67 WALL STREET, New York - December 18, 2012 - The Wall Street Transcript has just published its Best Investment Strategy Interviews of 2012. The full issue is available by calling (212) 952-7433 or via The Wall Street Transcript Online.

Topics covered: Investment Strategies - Large Cap Investing - Investing in Emerging Markets - Investing in Energy - Value Investing - Downside Protection With Upside Participation - Macroeconomic Trends

Companies include: Simon Property Group (SPG), Boston Properties (BXP), Vornado Realty (VNO) and many others

In the following excerpt from the Best Investment Strategy Interviews of 2012, an experienced portfolio manager discusses his proprietary valuation methods for REITs:

TWST: Your firm has a proprietary model for evaluating REITs. Would you tell us about it?

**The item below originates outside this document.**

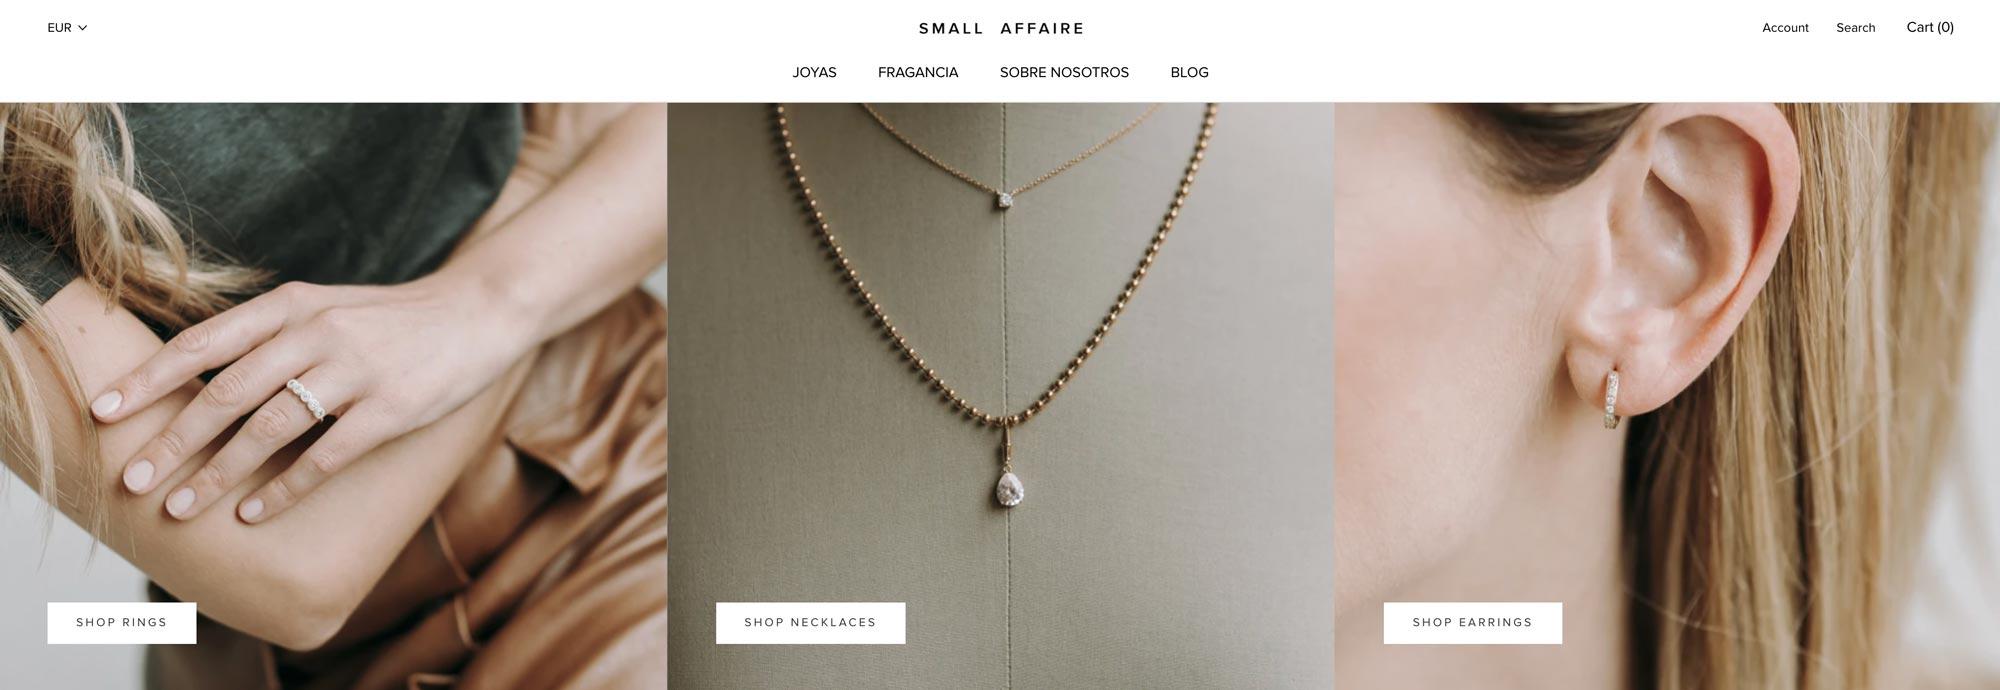 Shopify Small Affair

Mr. Schaff: What it comes down to is that everything about the equities market is about supply and demand as much as it is about fundamentals. What drives valuation many times is the perception of REIT ownership. In their early history, the REIT law that was applied in the 1980s was about trying to get real estate into retail investors' hands. What it really resulted in, however, was during the S&L crisis a lot of the S&Ls and banks effectively tried to offload the bad assets to mortgage REITs. And so it got tainted by that, and the mortgage REITs, at the end of the day, a lot of them blew up, because they were bad to begin with and they were highly leveraged. Interest rates went up, and valuations cratered, and they were basically caught.

The modern REIT era - where they are mainly equity REITs, they are self-managed, they actually own the underlying assets, they actually lease and manage the properties, different types of properties - started in about 1993. So REITs have been around for a long time, but the modern equity REITs really started around 1993. And the number of REITs that came into the marketplace, and the better managed ones, the ones that have strong management teams, they're shareholder sensitive, they're shareholder activists in some cases.

Milton Cooper of Kimco Realty (KIM) came in, Simon Property Group (SPG), Boston Properties (BXP) , Vornado Realty (VNO), etc. - a lot of the big property owners, they all came in the 1990s and the market expanded quite a bit. When that happened, they were being promoted early on by some of the retail brokers who were selling them on the dividend yields. Most of it's tax-sheltered dividend; they are a single-taxation entity at the shareholder level, which is a huge advantage. They were liquid, which a lot of the private REITs were not. And you could get into shopping centers, you could get into offices, you could get into apartments. It's a lot easier selling an apartment building in Atlanta by selling shares of Post Properties (PPS) than it is by actually selling the property privately, which could take you a year and a half. So there was a lot of incentive.

Since you have a large retail base, a lot of the retail investors basically look at dividends. That's pretty much how they view it, that's how they value it, that's what they want. And so they don't care whether their internal rate of return or capital gain is 15% or 20%, as long as they know they're getting their 6% income. So dividend discount models tend to work and are very effective in representing that valuation.

Then on the other hand, we have private real estate investors. They don't really care how good the management is, they simply want to buy assets on the cheap. They don't mind buying them on Wall Street versus Main Street, but at the end of the day the net asset value, the cap rate, the typical real estate valuation play comes into being, and allows the institutional funds that actually have direct, private real estate funds - a lot of them have opportunistic funds where they say, wherever we can buy the cheapest real estate assets, we'll go. And so there are times when REITs are cheap, and you'll find a lot of these opportunistic funds dipping into securitized commercial real estate.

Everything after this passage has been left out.